> [WHAT THE EXERCISE ASKS]: Repeat the data that follows in full. Do not include the pictures.

** Opening SUPPLIED INFORMATION block **

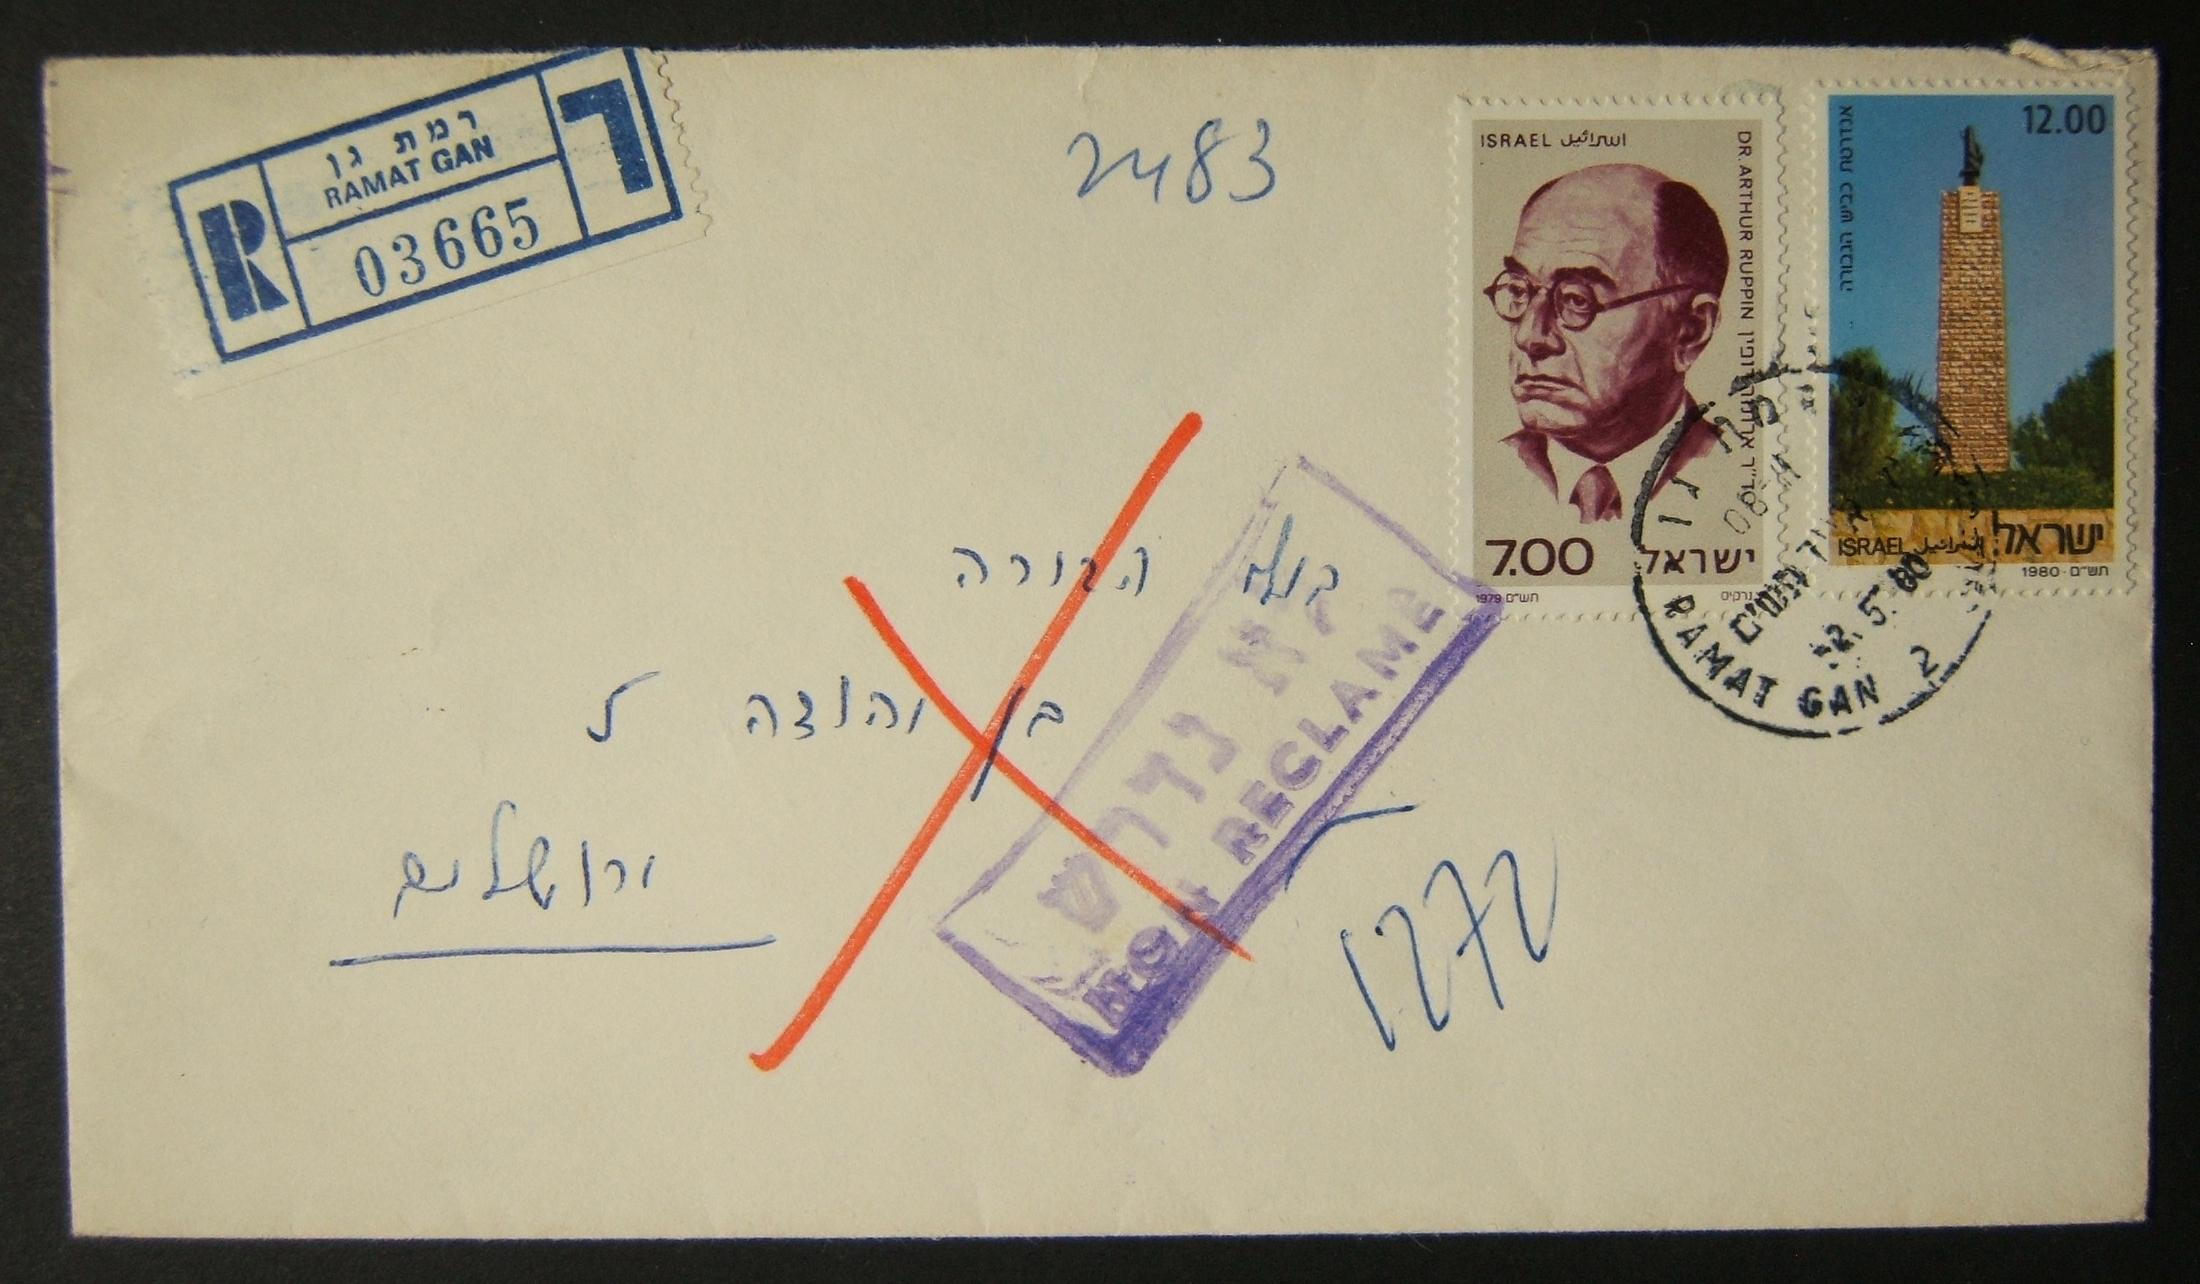 2-5-1980 רמת גן לדואר ירושלים עם שער מטבע גבוה 19 לירה פרנקינג
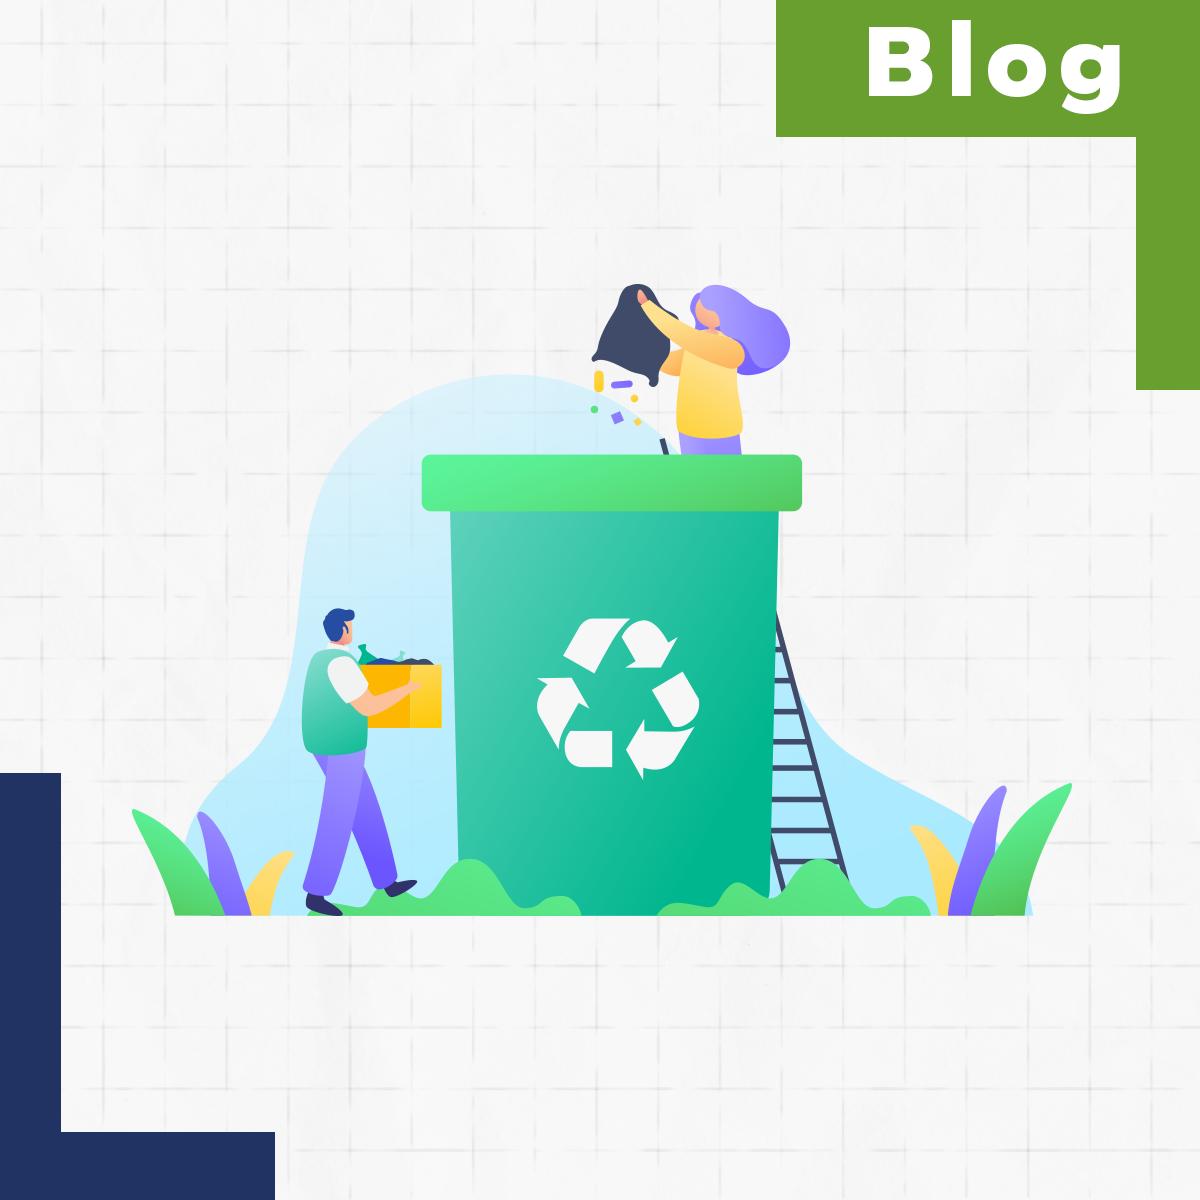 ¡Tu barrio privado puede contar con su propia planta reductora de residuos!
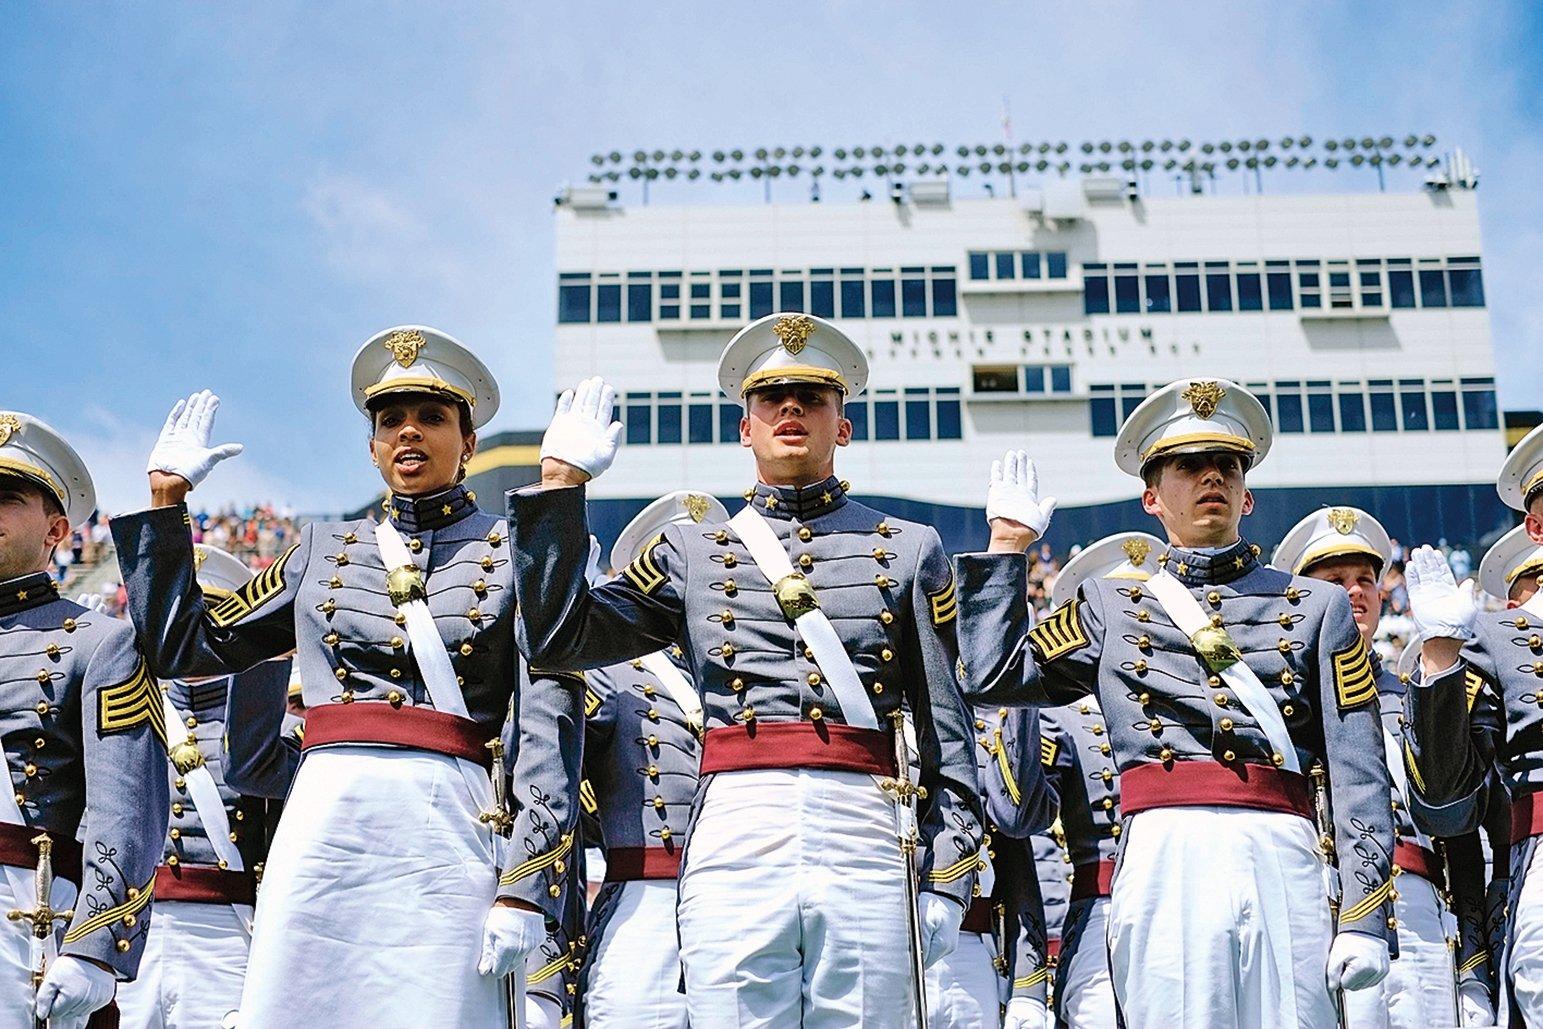 進入美國的某些軍事學院競爭極為激烈。圖為西點軍校的畢業典禮。(Getty Images)

** Closing SUPPLIED INFORMATION block **

> [OUTPUT OF THE TASK]:
 2-5-1980 רמת גן לדואר ירושלים עם שער מטבע גבוה 19 לירה פרנקינג
 ¡Tu barrio privado puede contar con su propia planta reductora de residuos!
 進入美國的某些軍事學院競爭極為激烈。圖為西點軍校的畢業典禮。(Getty Images)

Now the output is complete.